WHAT THE EXERCISE ASKS - Using the listing below, set down exactly the lines starting at the line that contains "Muž sedící na gauči používá notebook" and ending at the line that contains "Layher Plattformtreppe 45°", both included, and no others.

DATASET -

BEGIN

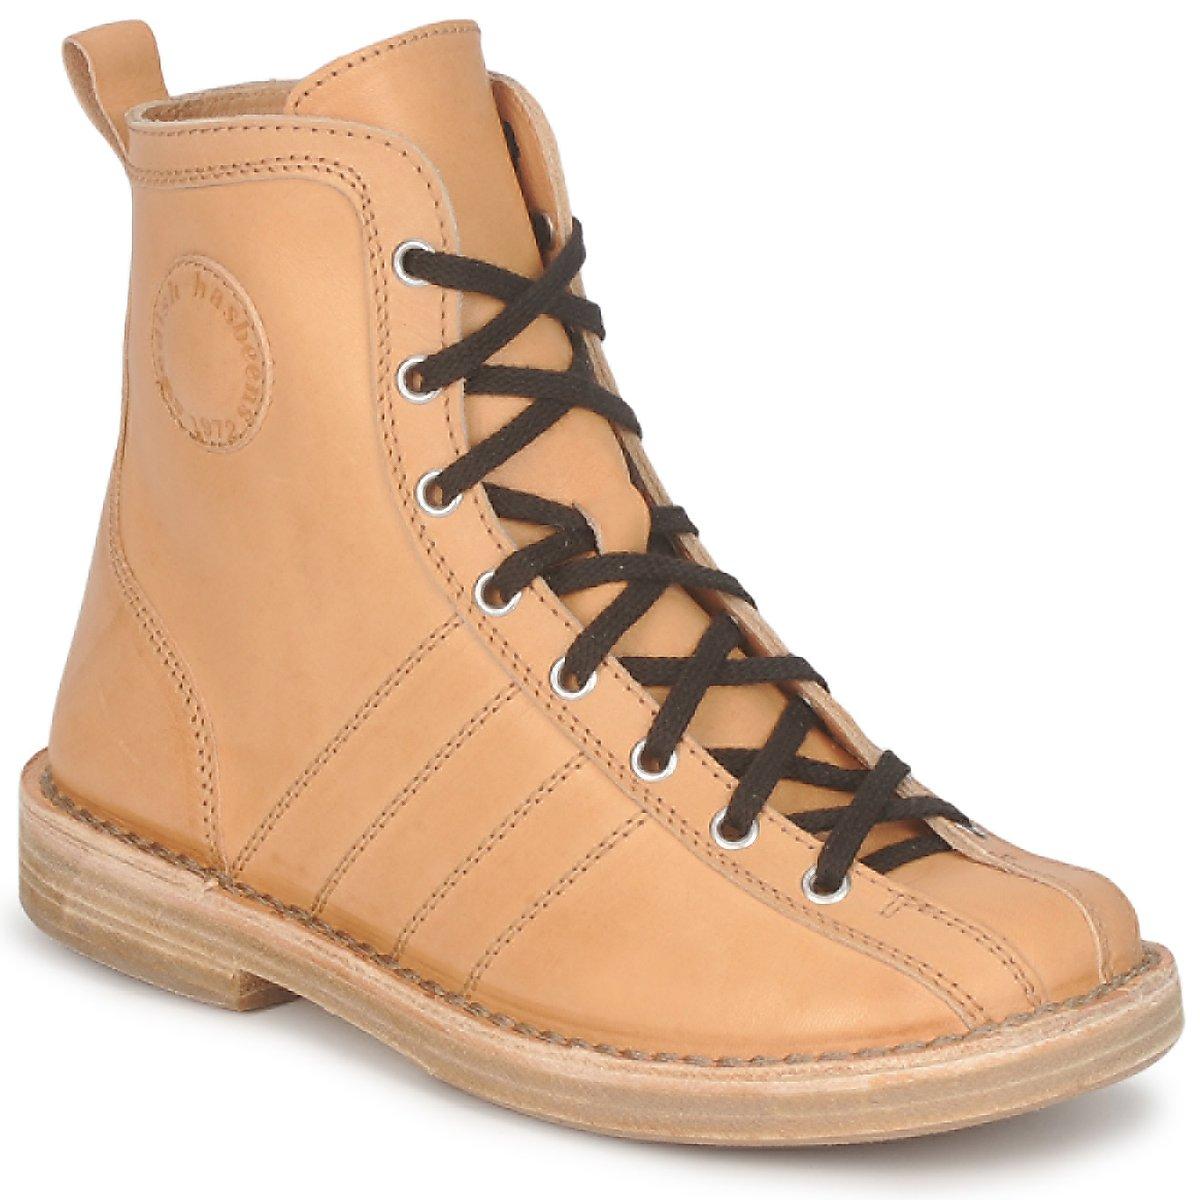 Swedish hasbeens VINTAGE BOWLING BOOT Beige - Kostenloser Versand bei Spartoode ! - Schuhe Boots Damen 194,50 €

END
BEGIN

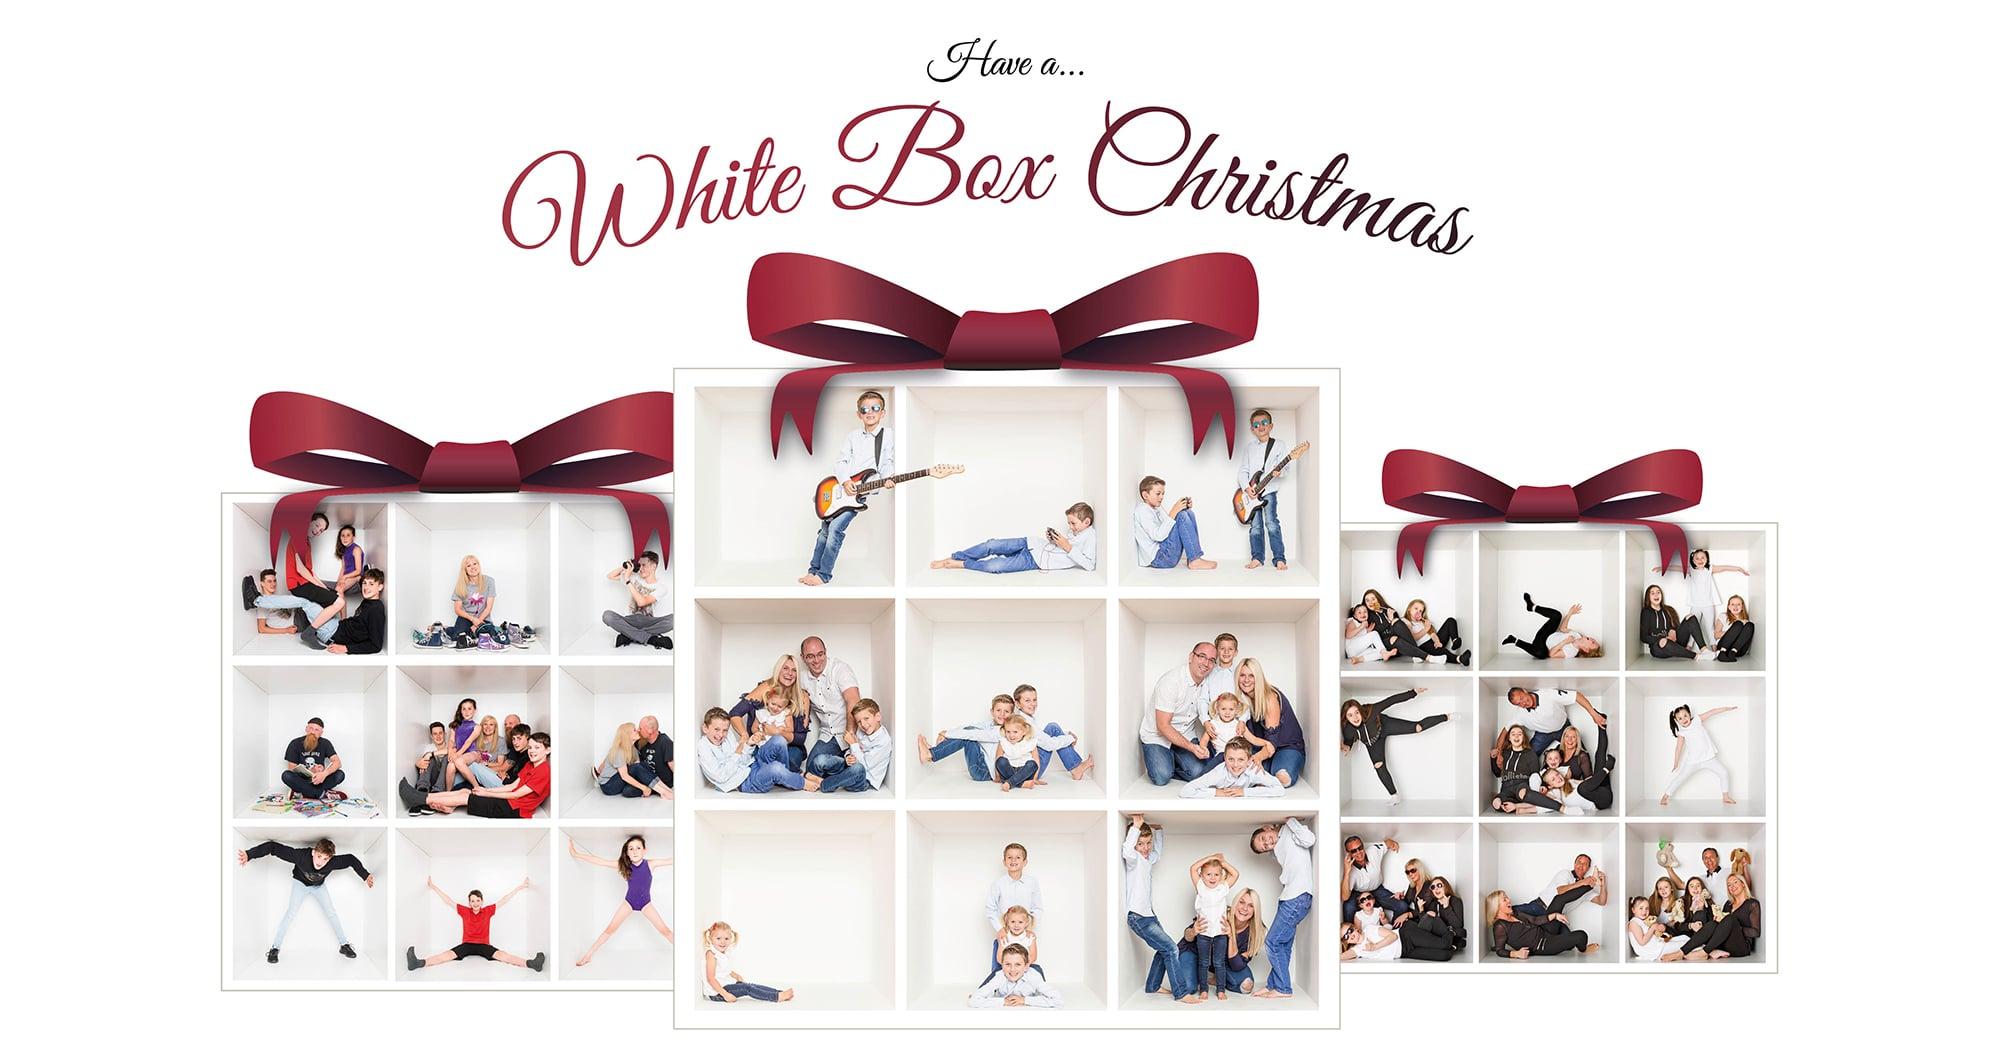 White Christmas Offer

END
BEGIN

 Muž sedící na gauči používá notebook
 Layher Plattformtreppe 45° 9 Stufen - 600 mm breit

END

ANSWER TO THE EXERCISE -
 Muž sedící na gauči používá notebook
 Layher Plattformtreppe 45° 9 Stufen - 600 mm breit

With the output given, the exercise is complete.